Get everything in writing beforehand. Know what you’re buying.
Many consultants will fill their proposals with marketing-lingo (often senseless garbage) and attempt to push things you don’t need. Avoid this. You have specific needs, get specific answers. Only allow up-sells and additions to the proposal after you consider whether it’s actually needed. Do NOT decide on the spot, with the consultant in front of you.
Restaurant consultation prices
There are basically two forms of pricing: hourly and flat-fee. Consultants with hourly fees should be avoided if your questions were difficult to formulate, or if you’re unsure of specific needs. What tends to happen is they can milk the hourly fee.
I recommend offering consultants that get paid by the hour the opportunity to be paid at a flat-rate to address specific situations. If they address the situations satisfactorily, then invite them for their normal rates.
Top consultants are usually paid by the hour (some by 10 minute segments!). If you’re dealing with those widely considered to be the best in their fields of knowledge, that is expected. What also comes with these types of people are satisfaction guarantees.
What should you pay, though?
Rates of $500-$1,000/hour are not uncommon for top professional knowledge. The average consultant is likely to charge in the $100-$200/hour range however, and may be suitable depending on what you need accomplished.
Gut feeling
Many restaurant owners don’t consider the chemistry factor – how they get along with the person they’re about to share intimate details of their business with.
To get the most out of your coaching and consultations, it’s always best to have a good gut-feeling with the person. If there is ANY sense of discomfort, or things just don’t seem 100% during the introductory period, then stop. Move on.
Questions to consider:
- Does the consultant have a personality similar to mine?

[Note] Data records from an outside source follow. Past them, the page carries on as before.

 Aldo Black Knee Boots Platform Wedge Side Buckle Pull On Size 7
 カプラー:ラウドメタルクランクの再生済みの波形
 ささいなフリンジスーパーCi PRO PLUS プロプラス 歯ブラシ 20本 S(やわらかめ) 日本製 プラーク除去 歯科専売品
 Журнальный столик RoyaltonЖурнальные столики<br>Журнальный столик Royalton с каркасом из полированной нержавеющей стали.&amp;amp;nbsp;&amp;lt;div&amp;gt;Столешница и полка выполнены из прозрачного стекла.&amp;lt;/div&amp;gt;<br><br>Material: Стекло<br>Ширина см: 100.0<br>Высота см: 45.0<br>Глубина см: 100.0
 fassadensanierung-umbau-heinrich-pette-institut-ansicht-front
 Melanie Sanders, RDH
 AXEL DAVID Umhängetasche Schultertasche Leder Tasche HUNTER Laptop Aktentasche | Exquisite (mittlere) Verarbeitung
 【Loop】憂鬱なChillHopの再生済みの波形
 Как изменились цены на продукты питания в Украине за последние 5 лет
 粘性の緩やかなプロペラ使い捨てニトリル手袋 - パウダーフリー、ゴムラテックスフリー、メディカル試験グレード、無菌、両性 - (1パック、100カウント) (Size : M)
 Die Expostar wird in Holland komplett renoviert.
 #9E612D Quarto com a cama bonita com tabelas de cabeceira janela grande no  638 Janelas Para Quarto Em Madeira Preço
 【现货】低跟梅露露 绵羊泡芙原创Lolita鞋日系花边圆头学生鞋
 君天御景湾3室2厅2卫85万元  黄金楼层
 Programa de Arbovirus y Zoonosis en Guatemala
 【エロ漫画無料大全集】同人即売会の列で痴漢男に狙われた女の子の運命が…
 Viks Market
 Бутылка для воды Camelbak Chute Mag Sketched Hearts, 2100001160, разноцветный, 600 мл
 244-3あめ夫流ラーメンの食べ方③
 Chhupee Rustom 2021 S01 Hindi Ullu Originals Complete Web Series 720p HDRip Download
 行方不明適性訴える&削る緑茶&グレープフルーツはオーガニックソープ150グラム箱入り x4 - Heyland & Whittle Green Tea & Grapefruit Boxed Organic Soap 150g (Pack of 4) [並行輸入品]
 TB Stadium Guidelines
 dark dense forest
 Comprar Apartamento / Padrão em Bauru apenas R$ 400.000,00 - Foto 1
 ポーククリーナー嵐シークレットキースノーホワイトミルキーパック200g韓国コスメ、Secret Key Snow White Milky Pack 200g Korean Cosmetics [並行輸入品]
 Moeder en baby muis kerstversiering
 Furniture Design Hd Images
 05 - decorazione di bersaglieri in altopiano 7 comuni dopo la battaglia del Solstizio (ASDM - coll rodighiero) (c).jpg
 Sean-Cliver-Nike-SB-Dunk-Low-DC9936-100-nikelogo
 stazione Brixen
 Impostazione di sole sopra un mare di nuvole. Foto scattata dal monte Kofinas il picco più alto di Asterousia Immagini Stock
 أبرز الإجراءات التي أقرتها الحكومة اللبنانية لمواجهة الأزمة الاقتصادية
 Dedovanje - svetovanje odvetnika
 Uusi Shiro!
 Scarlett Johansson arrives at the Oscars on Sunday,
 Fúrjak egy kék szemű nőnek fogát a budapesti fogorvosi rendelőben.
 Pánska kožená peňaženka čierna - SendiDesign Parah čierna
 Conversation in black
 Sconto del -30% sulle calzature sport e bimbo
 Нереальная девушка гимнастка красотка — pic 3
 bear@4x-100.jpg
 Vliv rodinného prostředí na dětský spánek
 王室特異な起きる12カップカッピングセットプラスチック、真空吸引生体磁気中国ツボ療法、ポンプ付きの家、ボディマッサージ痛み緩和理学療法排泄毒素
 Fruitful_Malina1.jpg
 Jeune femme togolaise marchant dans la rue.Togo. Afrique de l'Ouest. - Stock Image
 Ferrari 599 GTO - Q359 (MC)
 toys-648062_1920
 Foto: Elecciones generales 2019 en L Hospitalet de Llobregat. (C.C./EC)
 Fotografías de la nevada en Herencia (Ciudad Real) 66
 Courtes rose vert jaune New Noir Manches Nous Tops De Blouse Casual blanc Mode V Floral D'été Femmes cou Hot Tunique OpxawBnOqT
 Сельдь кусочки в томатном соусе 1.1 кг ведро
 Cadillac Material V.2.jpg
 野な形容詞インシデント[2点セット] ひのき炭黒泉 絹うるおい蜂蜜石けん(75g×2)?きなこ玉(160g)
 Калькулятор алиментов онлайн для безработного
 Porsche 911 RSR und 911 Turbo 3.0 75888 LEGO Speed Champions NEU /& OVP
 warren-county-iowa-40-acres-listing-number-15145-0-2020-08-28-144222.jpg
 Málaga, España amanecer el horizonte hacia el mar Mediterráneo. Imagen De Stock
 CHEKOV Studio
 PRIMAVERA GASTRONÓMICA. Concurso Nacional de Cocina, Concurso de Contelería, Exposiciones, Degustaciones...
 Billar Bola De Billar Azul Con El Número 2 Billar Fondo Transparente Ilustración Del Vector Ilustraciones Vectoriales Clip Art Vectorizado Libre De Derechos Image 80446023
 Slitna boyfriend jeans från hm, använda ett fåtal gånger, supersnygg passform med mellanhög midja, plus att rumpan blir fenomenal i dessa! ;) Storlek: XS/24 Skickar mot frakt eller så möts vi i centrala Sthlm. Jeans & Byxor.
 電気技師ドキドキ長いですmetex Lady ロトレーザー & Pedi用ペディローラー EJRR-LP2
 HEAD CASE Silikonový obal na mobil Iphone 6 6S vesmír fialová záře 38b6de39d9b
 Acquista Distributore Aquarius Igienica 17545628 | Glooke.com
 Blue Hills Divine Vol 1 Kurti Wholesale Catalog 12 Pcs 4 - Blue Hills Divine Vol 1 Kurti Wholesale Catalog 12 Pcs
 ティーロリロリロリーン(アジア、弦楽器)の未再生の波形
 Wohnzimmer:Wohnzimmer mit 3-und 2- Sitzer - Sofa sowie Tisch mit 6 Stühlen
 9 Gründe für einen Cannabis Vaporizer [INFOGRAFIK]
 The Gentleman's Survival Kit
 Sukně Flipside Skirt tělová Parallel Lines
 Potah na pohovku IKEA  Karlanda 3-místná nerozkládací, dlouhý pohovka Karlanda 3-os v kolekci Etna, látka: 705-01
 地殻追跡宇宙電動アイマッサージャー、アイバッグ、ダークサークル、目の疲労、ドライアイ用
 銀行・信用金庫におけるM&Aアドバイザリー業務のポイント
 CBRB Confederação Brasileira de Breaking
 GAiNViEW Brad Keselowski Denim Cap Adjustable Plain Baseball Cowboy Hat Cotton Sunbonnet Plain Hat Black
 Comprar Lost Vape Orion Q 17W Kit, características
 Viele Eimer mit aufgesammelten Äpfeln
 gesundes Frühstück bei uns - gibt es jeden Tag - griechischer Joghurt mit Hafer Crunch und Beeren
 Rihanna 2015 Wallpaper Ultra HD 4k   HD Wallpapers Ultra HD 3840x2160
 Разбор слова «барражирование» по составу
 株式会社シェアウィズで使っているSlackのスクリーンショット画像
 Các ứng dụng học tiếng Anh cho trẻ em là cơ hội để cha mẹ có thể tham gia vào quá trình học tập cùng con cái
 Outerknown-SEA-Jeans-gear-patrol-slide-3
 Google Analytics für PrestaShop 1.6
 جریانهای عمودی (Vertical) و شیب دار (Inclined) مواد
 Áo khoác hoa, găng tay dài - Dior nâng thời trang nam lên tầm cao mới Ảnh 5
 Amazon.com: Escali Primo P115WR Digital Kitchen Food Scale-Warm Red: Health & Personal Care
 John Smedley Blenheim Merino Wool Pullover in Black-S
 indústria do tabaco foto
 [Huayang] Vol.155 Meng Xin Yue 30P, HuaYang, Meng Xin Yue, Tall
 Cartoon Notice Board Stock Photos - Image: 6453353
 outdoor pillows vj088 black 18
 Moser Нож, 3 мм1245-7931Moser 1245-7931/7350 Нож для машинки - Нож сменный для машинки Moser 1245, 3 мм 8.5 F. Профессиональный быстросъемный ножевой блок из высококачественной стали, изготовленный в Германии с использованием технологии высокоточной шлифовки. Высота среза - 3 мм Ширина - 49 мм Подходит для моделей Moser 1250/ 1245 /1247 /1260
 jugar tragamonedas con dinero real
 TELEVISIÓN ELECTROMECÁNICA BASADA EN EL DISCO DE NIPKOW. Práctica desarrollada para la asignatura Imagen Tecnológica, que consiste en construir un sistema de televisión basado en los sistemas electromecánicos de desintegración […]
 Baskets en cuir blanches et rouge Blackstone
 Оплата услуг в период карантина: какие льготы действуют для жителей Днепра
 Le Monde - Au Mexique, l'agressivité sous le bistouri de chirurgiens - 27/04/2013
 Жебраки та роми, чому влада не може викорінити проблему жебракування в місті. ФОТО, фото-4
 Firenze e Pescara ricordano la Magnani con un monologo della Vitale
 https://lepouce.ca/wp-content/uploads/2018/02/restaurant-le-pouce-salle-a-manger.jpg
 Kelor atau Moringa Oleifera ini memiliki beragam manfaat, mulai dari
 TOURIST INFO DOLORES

- Do they have strong communication skills?
- Do their values match my business?
- Is their jargon easy to understand – are they able to clarify it, if needed?
One very important thing to consider is, would you hire the restaurant consultant to be a part of your team full-time? They are working FOR YOU, remember.
This may seem like common sense, but occasionally you may be impressed with credentials and accept advice from someone even if you don’t like them as a person. What they say can be taken with a grain of salt, but in the end, it’s important to have a sense of trust and comfort.